He isn't very affection.. at all...

I've been dating a new guy for a month now. We met online and everything was going amazing. Anyway the problem is the serious lack of affection. At first I was shy so not much happened, but now we've had sex 6 times it just isn't improving. The first time we had sex we cuddled afterward while watching a movie, although the sex was over far too quickly and I was far from satisfied I didn't mind too much. 5 times later and we haven't cuddled after sex and I am still far from satisfied and he only ever kisses me when he wants it to lead into sex. There is no public displays of affection unless we have been drinking and then we might walk hand in hand. The times we have had sex has been alright but it's always over as soon as he's done and he enjoys the sex and yeah it's nice for me but nothing overly exciting. We never cuddle on his sofa now or anything and in public it doesn't seem like we're together.
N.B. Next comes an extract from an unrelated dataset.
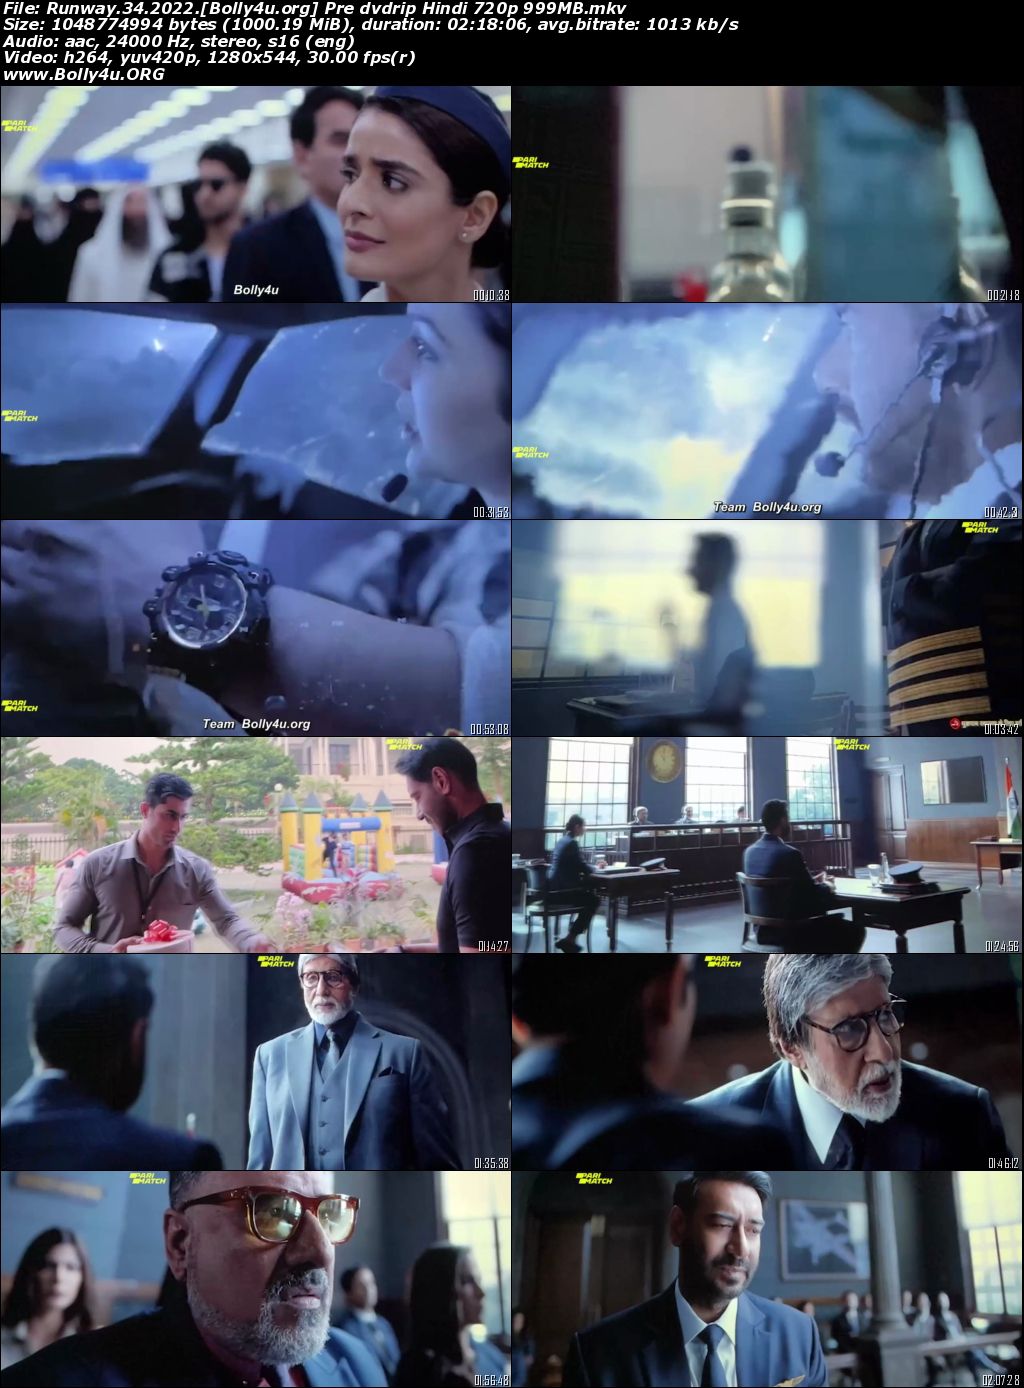 Runway 34 2022 Pre DVDRip Hindi Movie Download 720p 480p

In fact every time we sit and watch a movie he sits there cuddling his dog, which didn't bother me at first but it's getting to the point that I'm starting to get pretty frustrated by it all. Every morning when I stay there his dog gets invited up into his bed and that doesn't bother me so much but the dog gets so much love and attention and I feel like I get so little. I've spoke to him before about it and he says he isn't really an affectionate person and he'd try to be more affectionate, but honestly he hugged me in public last week.. that was it. Everywhere we go together, the dog comes too, everything we do involves the dog. I wouldn't mind so much If I felt valued but I just feel like a bloody booty call.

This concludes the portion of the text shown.